I’ve been looking into the relationships between losses, divergences and other measures of predictors and problems recently and came across a 2006 paper by Drummond and Holte entitled Cost Curves: An improved method for visualizing classifier performance. This paper describes a representation of classifier performance that is very closely related to the usual ROC curve. However, unlike ROC plots of (False Positive Rate, True Positive Rate)-points for various operating conditions of the classifier cost curves show (cost, risk)-points. That is, for each cost plotted on the x axis, the y co-ordinate shows the cost-weighted loss for the classifier.
As explained in Drummond and Holte’s paper, there is a simple point-line duality between ROC space and Cost-Loss space based on the definition of cost-weighted loss. If \((FP,TP)\) is a point in ROC space then the cost-loss relationship \((c, L)\) is linear and satisfies \[ L = (1-\pi) c FP + \pi (1-c) (1 - TP) \] where \(c\) is the cost of a false positive and \(\pi\) the prior probability of the positive class^{1}.
Given a specific \(\pi\) this relationship is completely invertible. A point \((c,L)\) in cost-loss space corresponds to the following line in ROC space \[ TP = \frac{(1-\pi) c}{\pi(1-c)} FP + \frac{(1-\pi) c - L}{\pi(1-c)}. \]
My ability to intuitively grasp this duality relationship was not that great so I hacked together the following applet to help. On the right is a black curve in ROC space representing five (False Positive, True Positive) rates for some imaginary classifier. The points are (0,0), (0.1, 0.5), (0.3, 0.8), (0.7, 0.95) and (1,1). The diagonal grey line on the ROC plot represents the performance of random classifiers - each increase in True Positive rate is countered by an equivalent decrease in False Positive rate.
The left plot, entitled “Cost Space” shows the (cost,loss) duals of both the black and grey curves from the right-hand plot. The grey diagonal on the right corresponds to a “tent” on the left that represents the best performance of a classifier that constantly predicts a single class.
If you click in the applet area you can get a feel for the relationship between these two representations. When you move your mouse over ROC space you will see the corresponding line in cost space. Conversely, when you move your mouse over the cost space plot you will see the dual line in ROC space.
The bar at the bottom of the two plots controls the prior probability \(\pi\). You can see how the dual curve in cost space changes as this parameter is modified.
The code for this applet is available through GitHub. The visualisation aspects are written in Processing and are available here. This relies on some Java code I also wrote that does the point-line conversions.
Chris Drummond has also created an applet to do the same kind of conversion.

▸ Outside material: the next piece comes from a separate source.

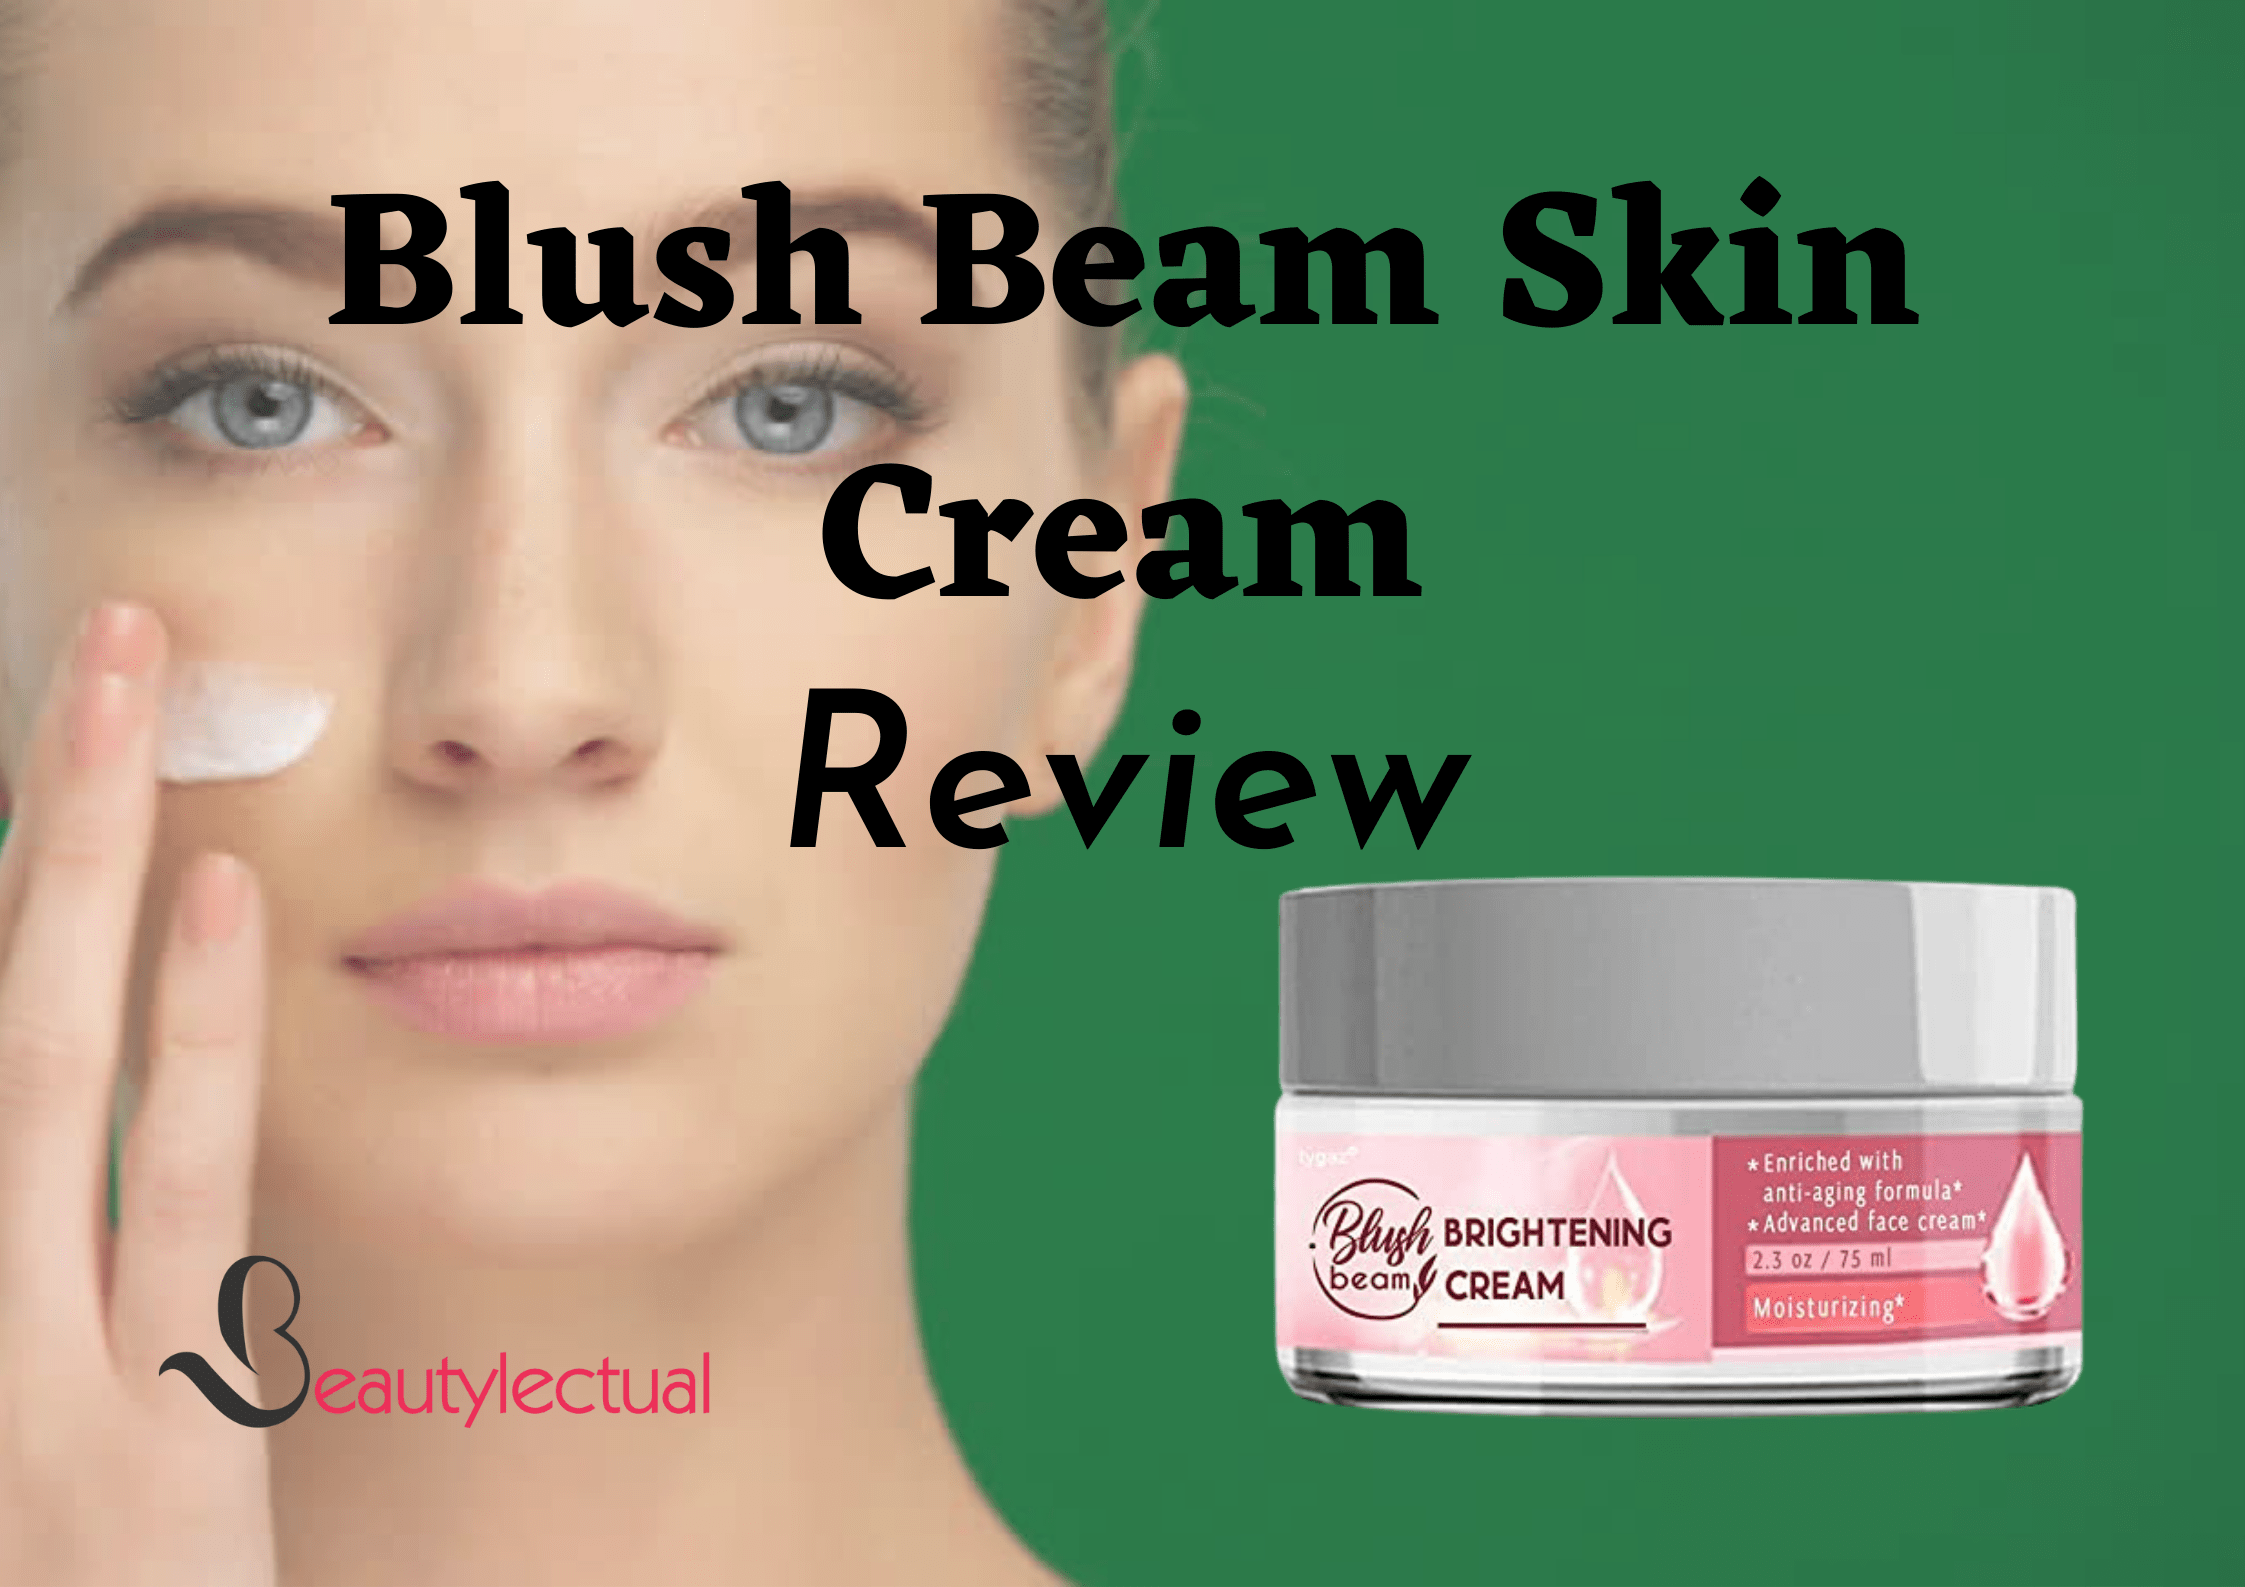 Blush Beam Skin Cream Reviews

The one here can be seen as complementary since his version allows the user to add data points and construct curves whereas mine just aims to make the key relationship interactive.
30 January 2009: Replaced inline applet with a screenshot and link to page hosted on GitHub.
28 July 2009: Link to applet is now hosted locally, not on GitHub.
My description here differs slightly from Drummond and Holte’s in that I am keeping priors and costs separate and not normalising the loss.↩